* WHAT THE EXERCISE ASKS:
Find "FINGERFOOD - pucharek" in the material below, then write out that line and every line after it exactly, ending with the last one; skip the pictures.

* EXERCISE DATA:

= = = =

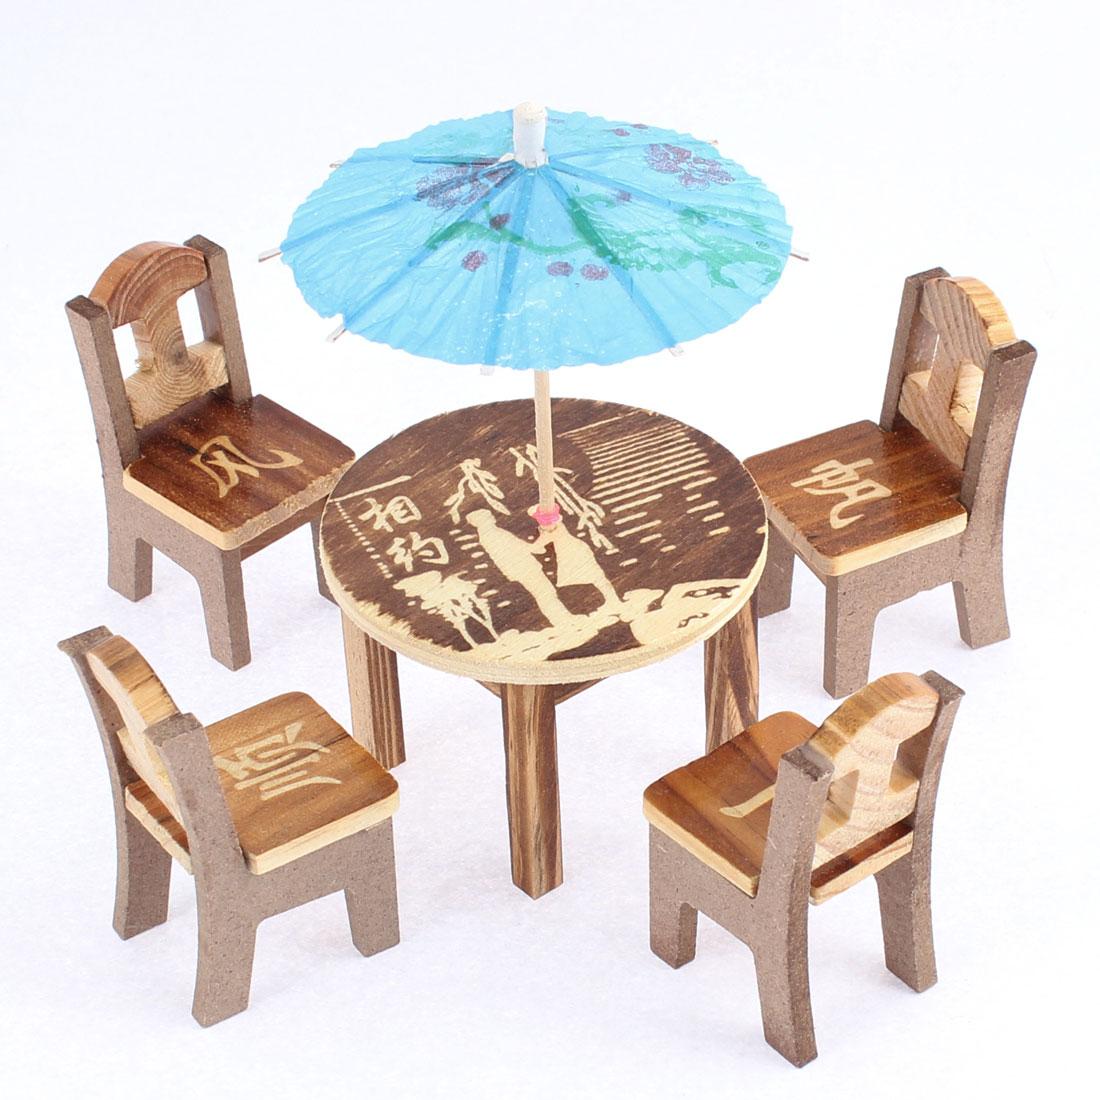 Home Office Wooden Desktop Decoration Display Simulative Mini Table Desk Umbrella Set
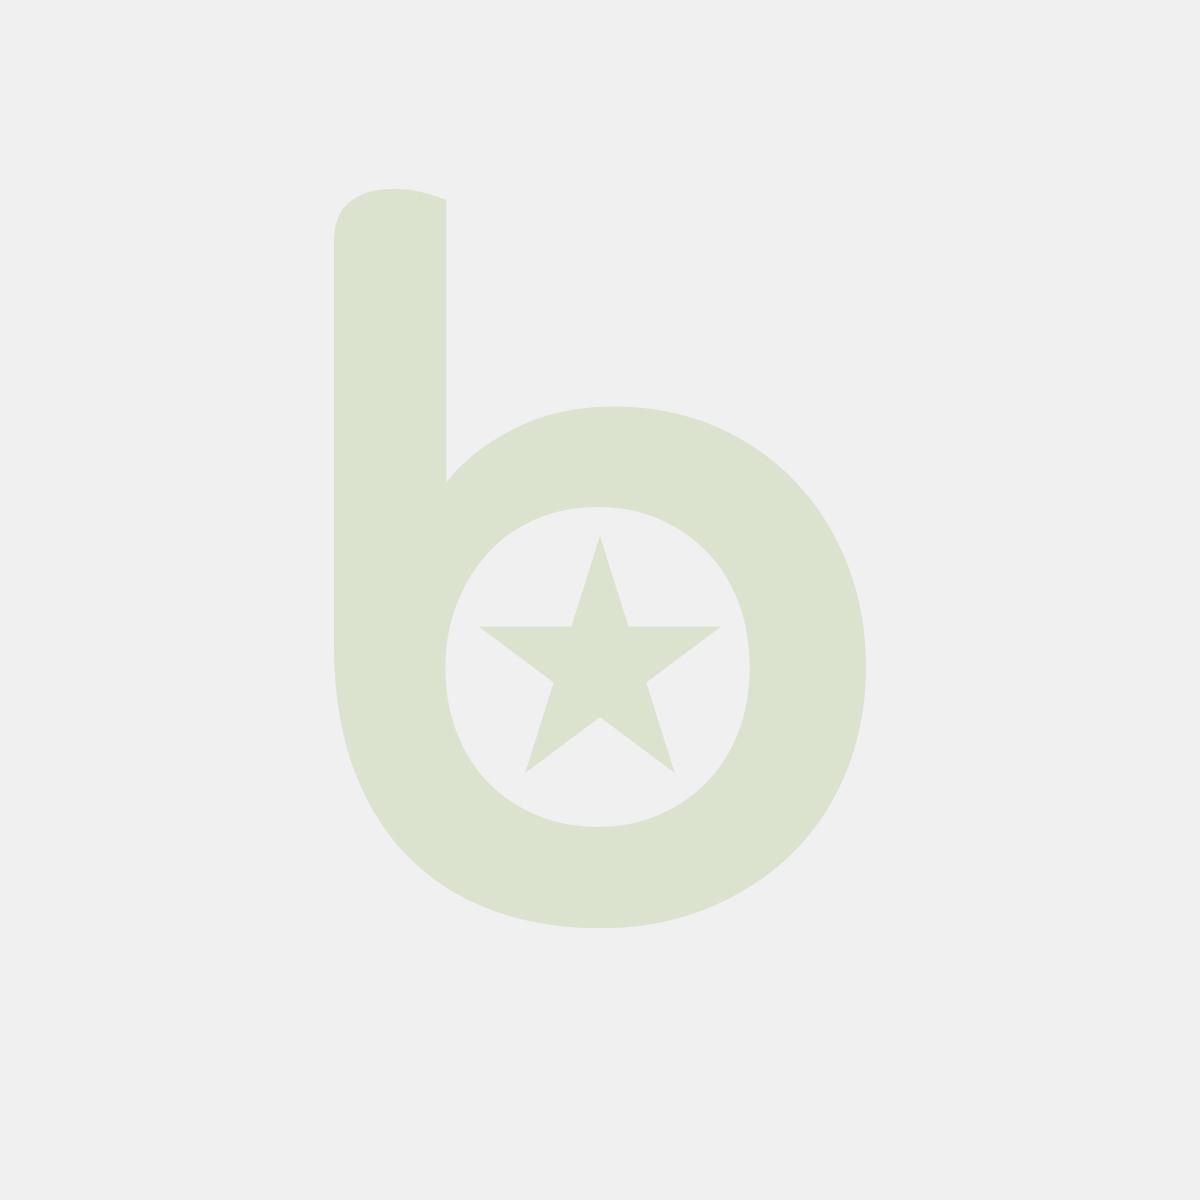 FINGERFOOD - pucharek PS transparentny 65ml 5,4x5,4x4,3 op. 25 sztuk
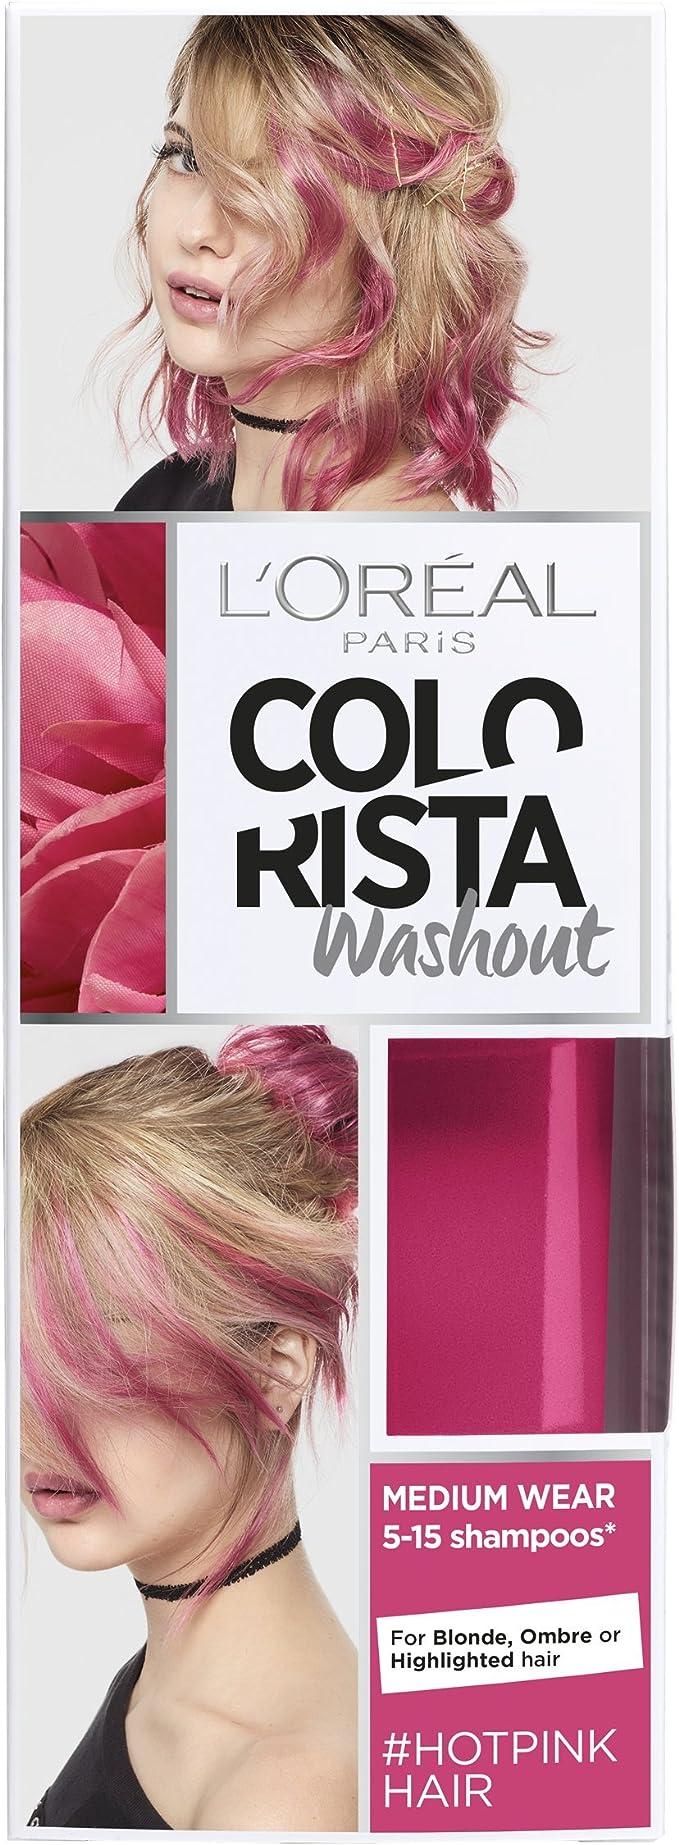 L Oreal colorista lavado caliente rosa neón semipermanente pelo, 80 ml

= = = =

* ANSWER BELOW:
 FINGERFOOD - pucharek PS transparentny 65ml 5,4x5,4x4,3 op. 25 sztuk
 L Oreal colorista lavado caliente rosa neón semipermanente pelo, 80 ml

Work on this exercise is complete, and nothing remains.